2004 PARZEN PRIZE FOR STATISTICAL INNOVATION
to be awarded by
TEXAS A&M UNIVERSITY
DEPARTMENT OF STATISTICS
to
JEROME H. FRIEDMAN
March 1, 2004, 4:00 pm, Chemistry, Room 100
The 2004 EMANUEL
AND CAROL PARZEN PRIZE FOR STATISTICAL INNOVATION will be proudly awarded to
JEROME H. FRIEDMAN, Professor of Statistics at Stanford University, by the
Department of Statistics at Texas A&M University. The prize ceremony is on Monday, March 1, 2004 at 4:00 pm, in the Chemistry Building, Room 100.
Professor Friedman will present a popular lecture entitled
“GRADIENT DIRECTED REGULARIZATION FOR LINEAR REGRESSION AND CLASSIFICATION.”
He will describe his exciting research on linear modeling using novel strategies.
The Parzen Prize for Statistical Innovation is awarded (in April of even numbered years) to North American statisticians who have made outstanding and influential contributions to the development of applicable and innovative statistical methods. The prize has been established to reduce the sparsity of prestigious awards and prizes that recognize outstanding careers in the discipline and profession of statistics. The Parzen Prize for Statistical Innovation is supported by the Emanuel and Carol Parzen Fund which was established as an endowment at the Texas A&M Development Foundation in honor of the 65th birthday on April 21, 1994 of Emanuel Parzen, Distinguished Professor of Statistics at Texas A&M University. Members of the Committee awarding the Prize for 1996 were R. Eubank (Texas A&M), J. Matis (Texas A&M), Marvin Zelen (Harvard), Bradley Efron (Stanford), and Grace Wahba (U of Wisconsin).
The 2004 Emanuel and Carol Prize for Statistical Innovation is awarded to Jerome H. Friedman for his significant innovations in statistical theory that have transformed practice by the creation of influential software, that have significantly influenced modern computational statistics, and that has provided seminal leadership and statistical foundations to research in Data Mining and Knowledge Discovery, Machine Learning and Statistical Learning, and Nonparametric Statistical Methods.

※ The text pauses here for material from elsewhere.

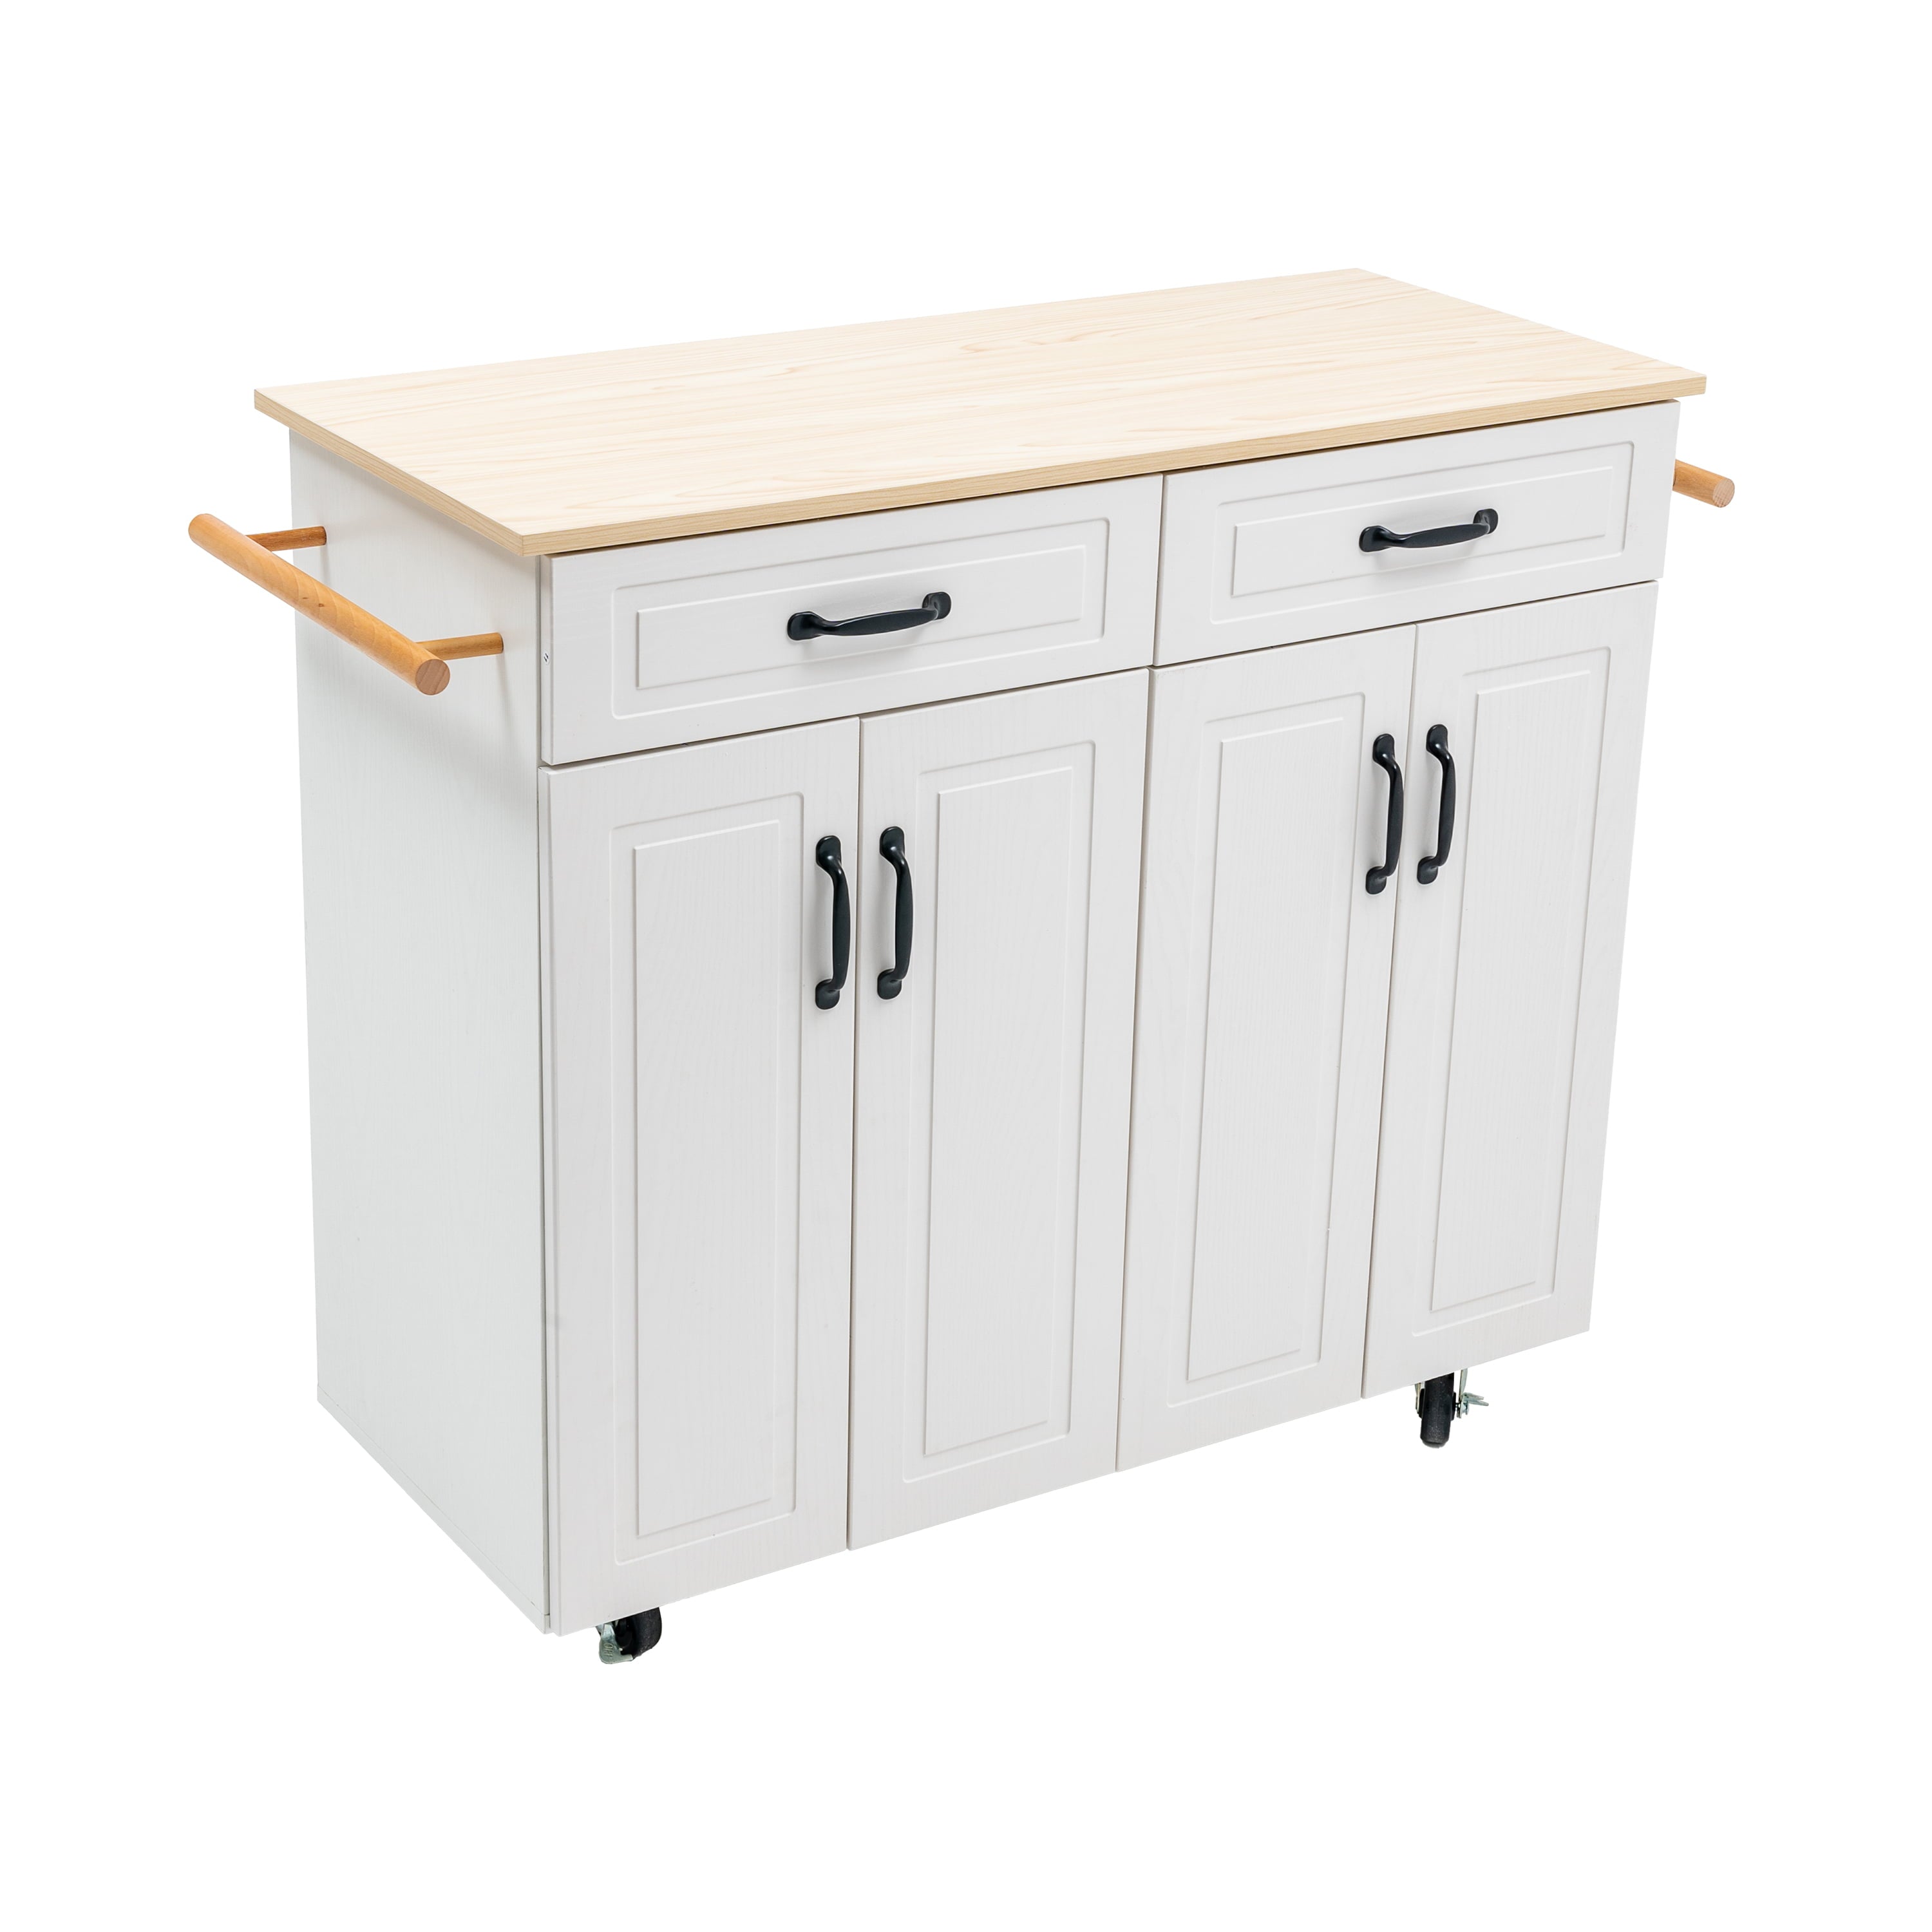 Prime Garden Kitchen Island Cart on Wheels with Drawer and Storage Shelves， White

Jerome Friedman is an influential educator, author, journal editor, practitioner, and collaborator in research with many scientists. He has had many outstanding Ph.D. students. He serves the national statistical community with distinction and dedication. Jerome Friedman received his Ph.D. in Physics from the University of California, Berkeley in 1967, and has been a Professor of Statistics at Stanford since 1982.
Professor Friedman is internationally recognized as a world class pioneer in the theory and practice of computational statistics and data science. He has contributed a remarkable array of topics and methodologies to data mining and machine learning, written many expository articles and books (and given an extraordinary number of invited talks) relating data mining and machine learning to statistical foundations, and pioneered and implemented new methodologies including CART, MARS, PRIM, PPR, MART, and Gradient Boosting.
Emanuel Parzen is Distinguished Professor of Statistics at Texas A&M University. In 1994 he was awarded the Samuel S. Wilks Memorial Medal of the American Statistical Association “for outstanding research in Time Series Analysis, especially for his innovative introduction of reproducing kernel spaces, spectral analysis and spectrum smoothing; for pioneering contributions in quantile and density quantile functions and estimation; for unusually successful and influential textbooks in Probability and Stochastic Processes; for excellent and enthusiastic teaching and dissemination of statistical knowledge; and for a commitment to service on Society Councils, Government Advisory Committees, and Editorial Boards.”